Out With the Old In With the New!

Google Stitch Gets UI/UX Queen Status

Everyone's favorite tool can fall from grace the moment something faster, cheaper, or shinier shows up and it did -

Google Labs gave Stitch, its AI design tool a major glow up -

  • Generates a wireframe from a text OR voice prompt

  • Responds well to feedback

  • and it is free!

Because of this Figma's stock dropped 12% the next morning.

On a personal note - UI/UX folk I think you should try to get into product or engineering side of things as well to help build up your roles and responsibilities. Reply to this email for a one-on-one consultation!

How to apply this:

  1. Run a 30-minute Stitch trial on your next feature spec — generate three layout variants, screenshot them, and drop them into your design review. If it saves one async back-and-forth with your design team it has paid for itself (cost: $0).

  2. If your team uses Figma for early wireframing specifically, evaluate whether Stitch can replace that phase while Figma remains for production polish — a two-tool workflow that costs less overall.

  3. Stitch outputs can be exported and imported into Figma as a starting point — use it as a rapid first draft generator, not a replacement for your design system.

  4. For teams without a dedicated designer, Stitch changes the calculus on when to involve design in the process. Early visual alignment is now feasible at the engineering-PM stage, before any design resource is allocated.

  5. Watch Google's I/O 2026 (Google's annual developer conference, typically held in May) for Stitch's enterprise roadmap announcement — whether it gets a paid tier, API access, or deeper Workspace integration will determine its long-term viability.

Story 2

Light Replaces Copper Wires?!

  • Massive Co-Investment: NVIDIA and AMD jointly invested $500M in Ayar Labs (Series E), valuing the startup at $3.75B – a significant move reflecting a shared industry concern.

  • The Copper Problem: The primary bottleneck in AI training clusters isn't GPU compute power, but the speed of data transfer via copper interconnects.

  • Physics Limitations: Copper degrades signals over distance, generates heat, and limits bandwidth, hindering the scaling of AI models.

  • Ayar Labs' Solution: CPO (Co-Packaged Optics):

    • Silicon Waveguides: The core of CPO is using tiny, precisely engineered channels carved into silicon – these are called waveguides. Waveguides are designed to trap and guide light.

    • Laser Encoding: Instead of sending electrical signals, data (in the form of gradient updates) is converted into light pulses using a laser.

    • Light Transmission: These laser pulses travel through the silicon waveguides, carrying the data.

    • Minimal Degradation: Light experiences far less signal degradation than electrical signals over the same distance. The waveguide design minimizes losses.

    • No Heat: Light carries no electrical current, so it doesn't generate heat.

  • TeraPHY Chiplets: Ayar Labs’ chips (TeraPHY) are integrated directly alongside GPUs in the same package.

  • 1,024-GPU All-Photonic Server Rack (2028 Target): Ayar Labs partnered with Wiwynn to develop a rack supporting 1,024 GPUs utilizing photonic interconnects – a critical form factor for future AI training.

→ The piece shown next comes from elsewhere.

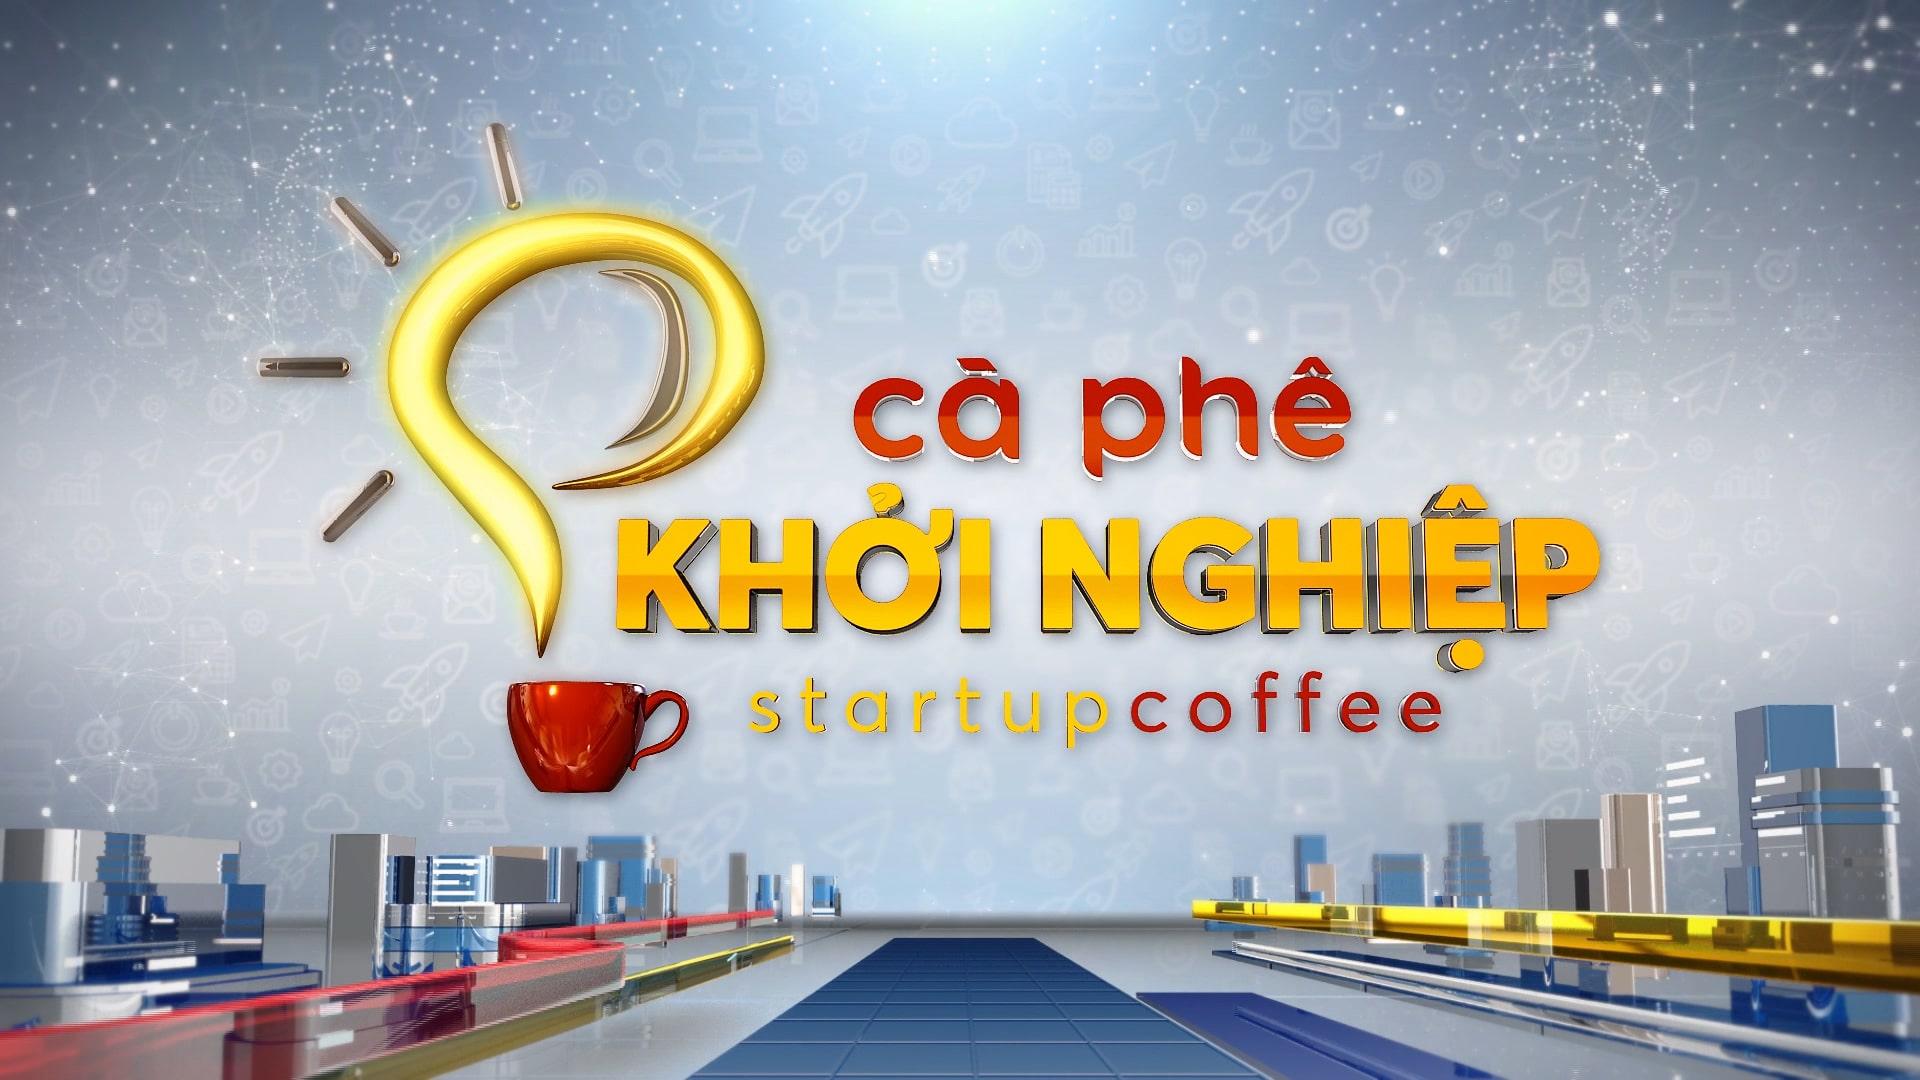 btaskee-ca-phe-khoi-nghiep-2018

  • Market Signal: The NVIDIA/AMD co-investment clearly signals that CPO is transitioning from experimental to a core infrastructure commitment.

Story 3

Before V-JEPA 2.1, Models Turned the World into a Monet

“Rounded Flower Bed (Corbeille de fleurs)” (1876), Claude Monet.

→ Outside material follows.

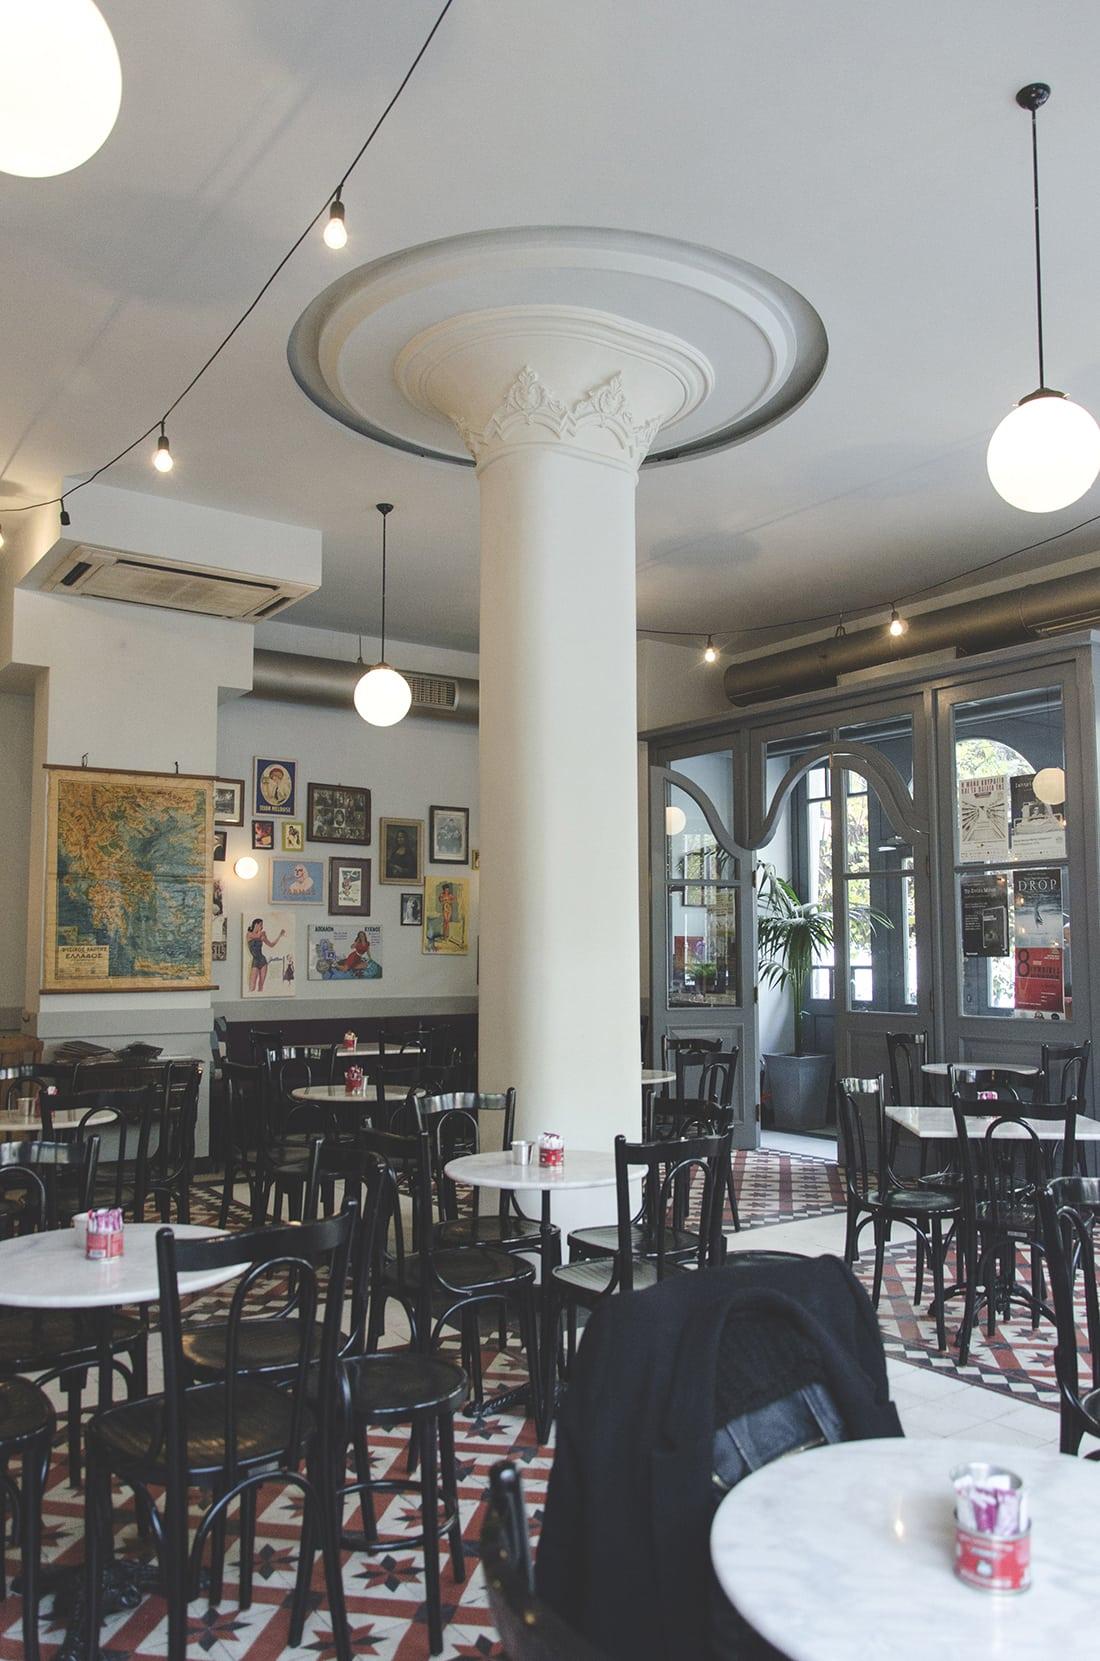 Youkali: Ένα καφενείο από το παρελθόν στο κέντρο της Θεσσαλονίκης!

We have all seen bad video camera footage. Whether it is a security cam footage trying to ID a criminal (why is it always the worst quality 😭). Or uploading a video to your laptop. There is a chance it gets pixelated… or monet-ified.

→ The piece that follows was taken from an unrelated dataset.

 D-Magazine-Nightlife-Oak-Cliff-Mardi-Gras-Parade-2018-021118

Looking at this painting afar you can tell it is a garden, but who is the women? What type of flowers are those? What kind of dress is she wearing?

Well for vision models, no matter how sharp the video, the model was never trained to hold onto the detail. It always monet-ified it.

Traditionally, training for video models only rewarded scene-level understanding so the the fix was:

  • Measure prediction quality on every token not just the hidden ones

  • Evaluate intermediate layers directly not just the final output.

Suddenly the model had to justify keeping the fine-grained detail at every step.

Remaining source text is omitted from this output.